▶ [Data for processing]

=== Section Start ===

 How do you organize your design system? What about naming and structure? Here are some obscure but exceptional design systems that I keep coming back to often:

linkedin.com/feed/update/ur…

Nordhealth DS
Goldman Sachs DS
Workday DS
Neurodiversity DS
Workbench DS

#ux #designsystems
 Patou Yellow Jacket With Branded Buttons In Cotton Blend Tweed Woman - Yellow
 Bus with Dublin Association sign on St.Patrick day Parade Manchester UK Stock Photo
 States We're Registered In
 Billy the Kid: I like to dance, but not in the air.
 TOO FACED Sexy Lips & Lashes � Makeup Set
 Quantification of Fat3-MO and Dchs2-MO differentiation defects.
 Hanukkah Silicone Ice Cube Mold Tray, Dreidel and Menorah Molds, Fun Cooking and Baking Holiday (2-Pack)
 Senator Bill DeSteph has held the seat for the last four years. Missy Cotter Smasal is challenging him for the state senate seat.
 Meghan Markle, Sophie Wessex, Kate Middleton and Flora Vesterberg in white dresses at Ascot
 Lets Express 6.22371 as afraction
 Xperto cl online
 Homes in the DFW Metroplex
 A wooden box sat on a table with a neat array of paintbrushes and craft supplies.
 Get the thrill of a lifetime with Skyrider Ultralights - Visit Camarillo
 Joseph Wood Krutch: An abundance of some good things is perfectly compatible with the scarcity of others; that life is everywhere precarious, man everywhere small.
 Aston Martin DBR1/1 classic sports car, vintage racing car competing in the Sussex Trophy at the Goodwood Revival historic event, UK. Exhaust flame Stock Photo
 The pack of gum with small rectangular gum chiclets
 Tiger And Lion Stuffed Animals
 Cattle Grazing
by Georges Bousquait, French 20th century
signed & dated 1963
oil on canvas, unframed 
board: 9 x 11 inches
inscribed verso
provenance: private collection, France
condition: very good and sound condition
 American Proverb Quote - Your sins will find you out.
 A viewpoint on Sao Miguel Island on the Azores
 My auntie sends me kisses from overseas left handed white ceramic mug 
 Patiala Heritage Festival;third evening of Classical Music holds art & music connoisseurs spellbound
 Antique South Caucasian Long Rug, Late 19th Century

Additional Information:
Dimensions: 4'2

=== Section End ===

▶ [The task]
The required output is a copy of each line in the records where the string "some" occurs.

▶ [Response area]
 How do you organize your design system? What about naming and structure? Here are some obscure but exceptional design systems that I keep coming back to often:
 Joseph Wood Krutch: An abundance of some good things is perfectly compatible with the scarcity of others; that life is everywhere precarious, man everywhere small.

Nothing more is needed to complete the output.